Он на мгновение прервался. В тишине громко шмыгнул носом Илжецкий.

Буковяк задержал на нем взгляд, и в этот момент Илжецкий снова втянул воздух, могло показаться, что он сдерживает смех. Буковяк продолжал постукивать пальцем.

- Участие Польши в определении меры наказания гитлеровскому правительству, рейхсмаршалу третьего рейха, генералам - событие колоссальной исторической важности. Факт приезда свидетелей из нашей страны - это вопрос престижа. Я еще раз повторяю: Польша должна присутствовать здесь, в Нюрнберге.

Илжецкий все еще ходил из угла в угол. Вдруг он остановился и уставился на носки своих ботинок.

- Конечно, конечно, - сказал он в нос. - Хотя, по моему скромному разумению, главное в другом. Свидетели из Польши, разумеется. Это будет весьма существенный факт на процессе, придаст ему законченность, но, что бы мы ни думали, это всего лишь мелкий, незначительный эпизод. Я готов уделить нашим свидетелям столько времени, сколько понадобится для дачи показаний.

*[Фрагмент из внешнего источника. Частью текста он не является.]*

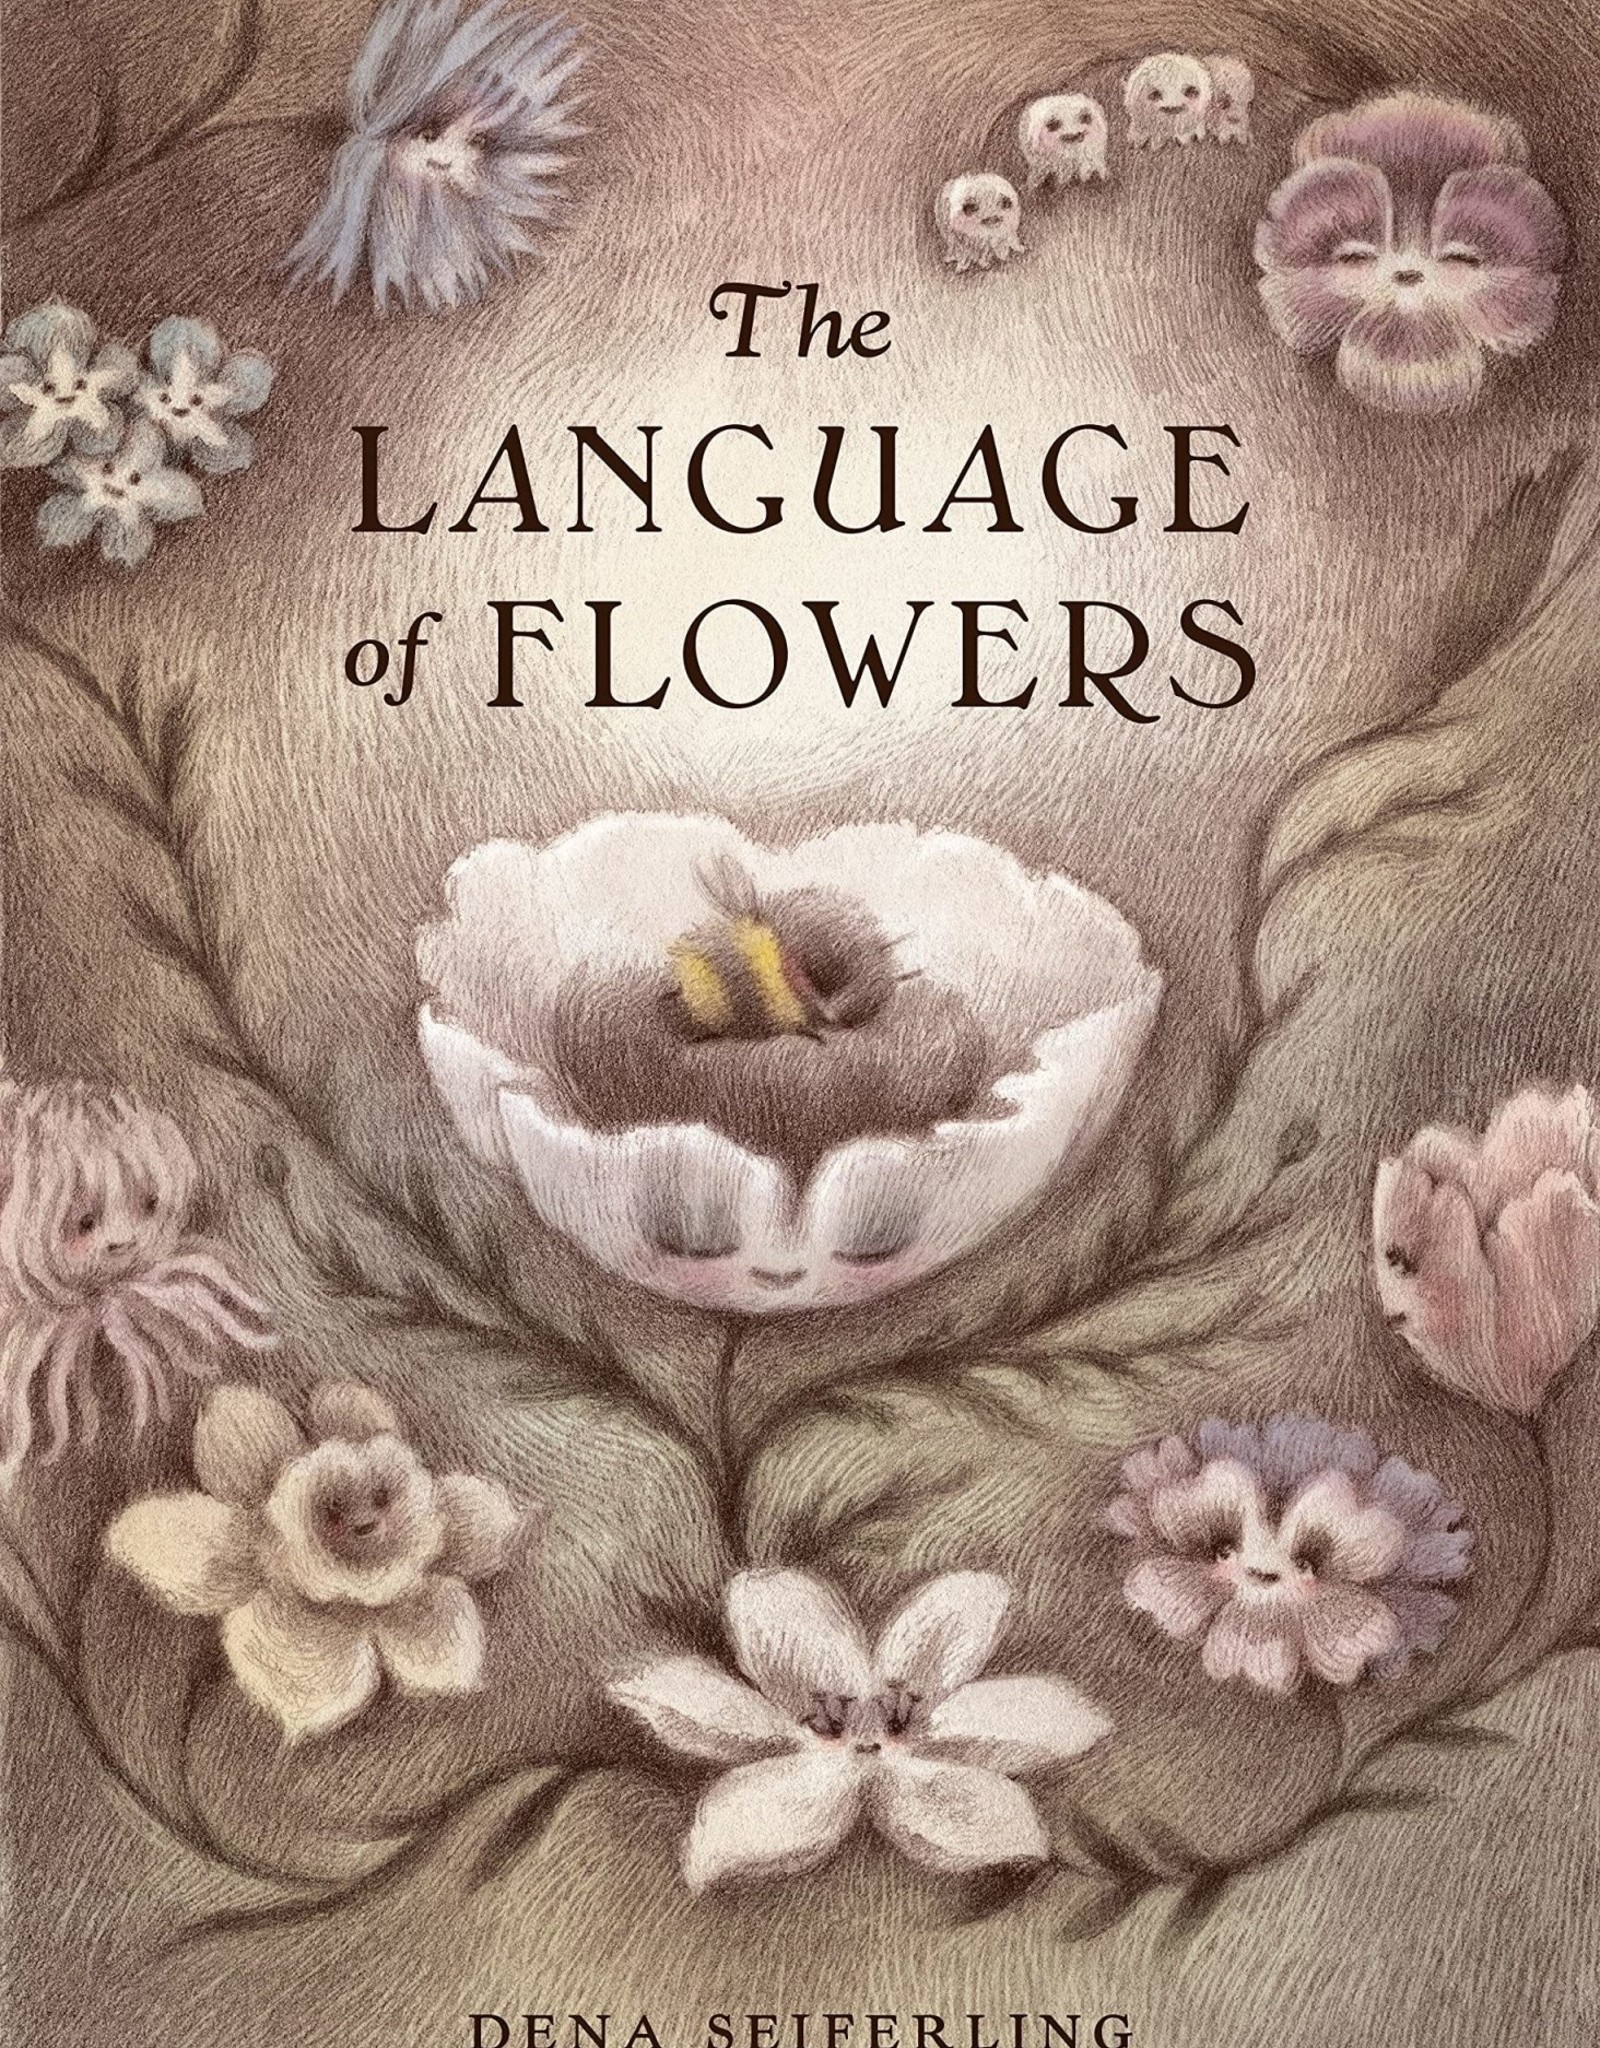 Random House/Penguin The Language of Flowers

Он помолчал, потом продолжал, точно объясняя:

- И все-таки главное - это документы. Мы, я имею в виду Польшу, не подготовлены, чтобы выступать на процессе. Прошел год с момента освобождения Варшавы. Год и месяц. Масса времени! Это достаточный срок, согласитесь, чтобы подготовить подробнейший обвинительный акт, перечислить абсолютно все гитлеровские преступления, совершенные по отношению к нашей стране.

Опять замолчал, глубоко дыша. Казалось, он старается упорядочить мысли для продолжения своей речи.

Буковяк сгорбился еще сильнее и отодвинулся от света. Он внимательно ждал продолжения речи Илжецкого. Тот наконец-то очнулся от задумчивости.

- Год! А нам не с чем выступить на таком ответственном форуме. Где наша серьезная научная база? Нет документов, мы не опросили тысячи людей, у нас нет окончательных данных, не подведены заключительные итоги. Сколько может длиться сбор материалов для обвинительного акта, относящегося к этой войне? Дольше, чем сама война?

Илжецкий остановился посреди комнаты, раскрасневшийся, напряженный, и в ожидании ответа снова шмыгнул носом. Никто не ответил. Он засунул руки в карманы, пригнул шею и исподлобья глянул на Буковяка. Они встретились взглядами, глаза их сверкали гневом.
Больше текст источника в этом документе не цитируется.